On October 6, 2012, TPC Group provided a copy of the Innospec letter to Parent and Simpson Thacher.

On October 9, 2012, TPC Group entered into a confidentiality agreement with Innospec.

On October 11, 2012, Parent sent a letter to the Board of Directors stating its expectation that TPC Group would, consistent with its obligations under the merger agreement, proceed with the special meeting as soon as reasonably practicable. The letter also stated Parent’s view that there were timing and other substantive issues relating to Innospec’s proposal which cast doubt on the willingness or ability of Innospec and Blackstone to ultimately deliver a superior proposal. On October 16, 2012, the Board sent a letter to Parent acknowledging receipt of the letter and reiterating TPC Group’s commitment to honor the obligations set forth in the merger agreement.

Innospec is currently conducting due diligence and is engaging in discussions with TPC Group regarding its proposal. At this time, the Board of Directors continues to recommend that TPC Group stockholders vote “ FOR ” the adoption of the merger agreement and is not making any recommendation with respect to Innospec’s proposal. At any time prior to (but not after) the adoption of the merger agreement by TPC Group’s stockholders, the Board of Directors or a special committee of the Board of Directors may effect a change of its recommendation, and take action to terminate the merger agreement in order to enter into an alternative acquisition agreement with respect to a superior proposal, if it has received a written unsolicited bona fide acquisition proposal from any person that is not withdrawn and that the Board of Directors or special committee believes in good faith after consultation with its outside financial advisor and outside legal counsel constitutes a superior proposal, but only if, prior to doing so, the Board of Directors or the special committee determines in good faith after consultation with its outside legal counsel that failure to do so would reasonably likely be inconsistent with its fiduciary duties under applicable law.
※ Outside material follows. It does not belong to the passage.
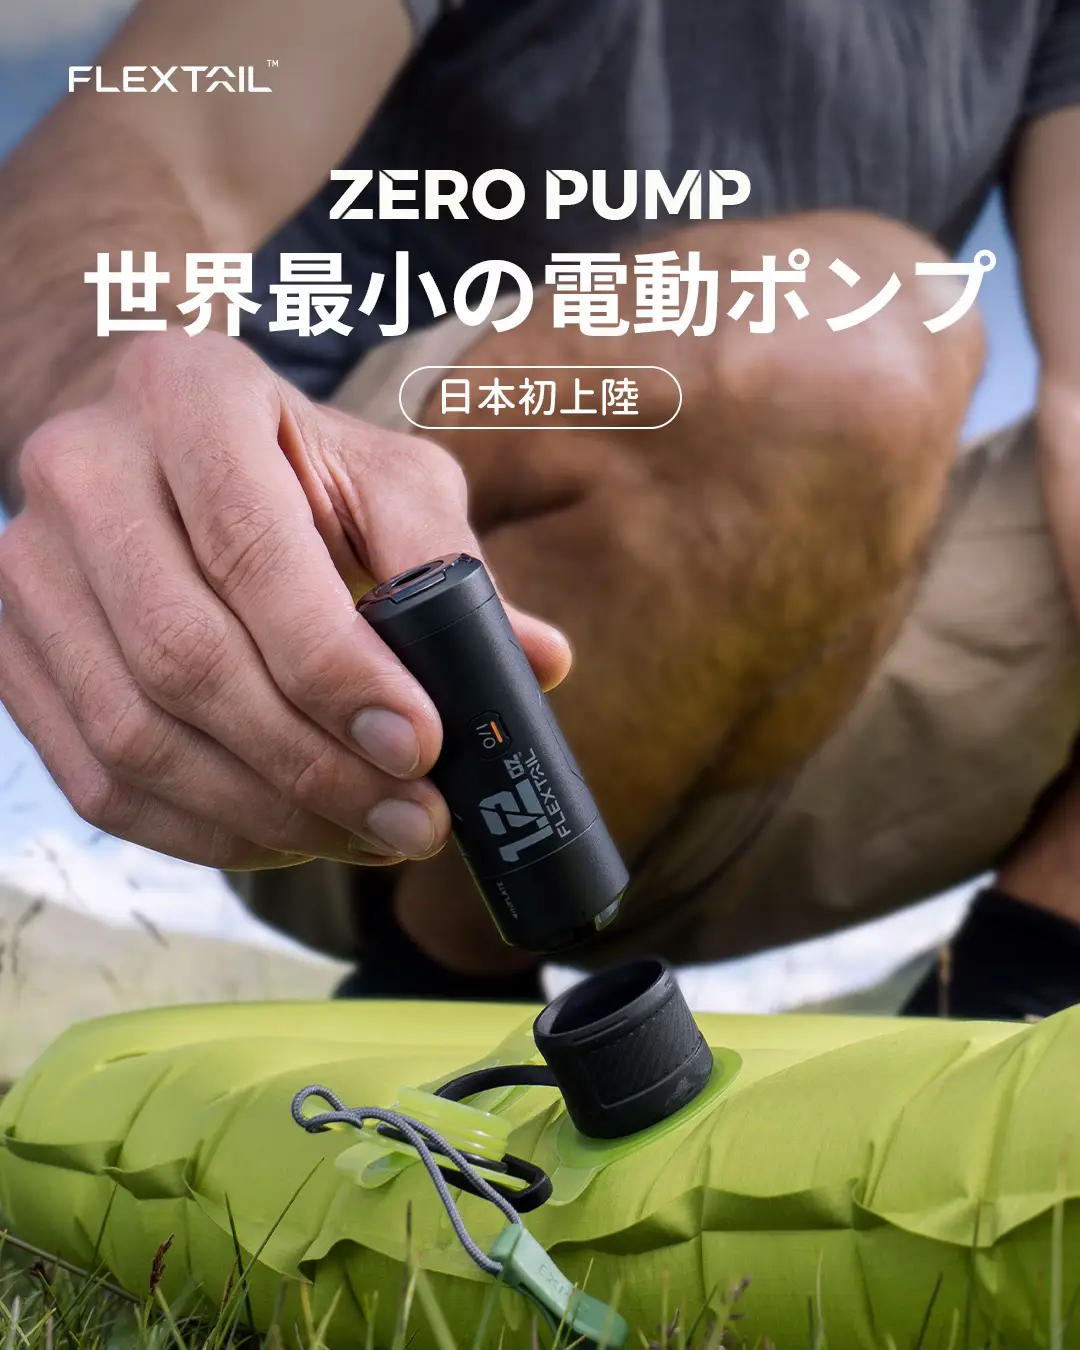 FLEXTAIL ZERO PUMP - World's Smallest Pump for Sleeping Pads

Additionally, the Board of Directors cannot make a change of recommendation or terminate the merger agreement in order to enter into an alternative acquisition agreement with respect to a superior proposal unless TPC Group has provided prior written notice to Parent and Merger Sub of its intention to effect a change of its recommendation or to terminate the merger agreement, and if any changes to the merger agreement, the financing letters and the limited guarantees have been offered in writing by Parent during the three business day period following Parent’s and Merger Sub’s receipt of that notice in a manner that would form a binding contract if accepted by TPC Group, the Board of Directors or special committee must have considered such changes in good faith and determined that the superior proposal would continue to constitute a superior proposal even if such changes were to be given effect.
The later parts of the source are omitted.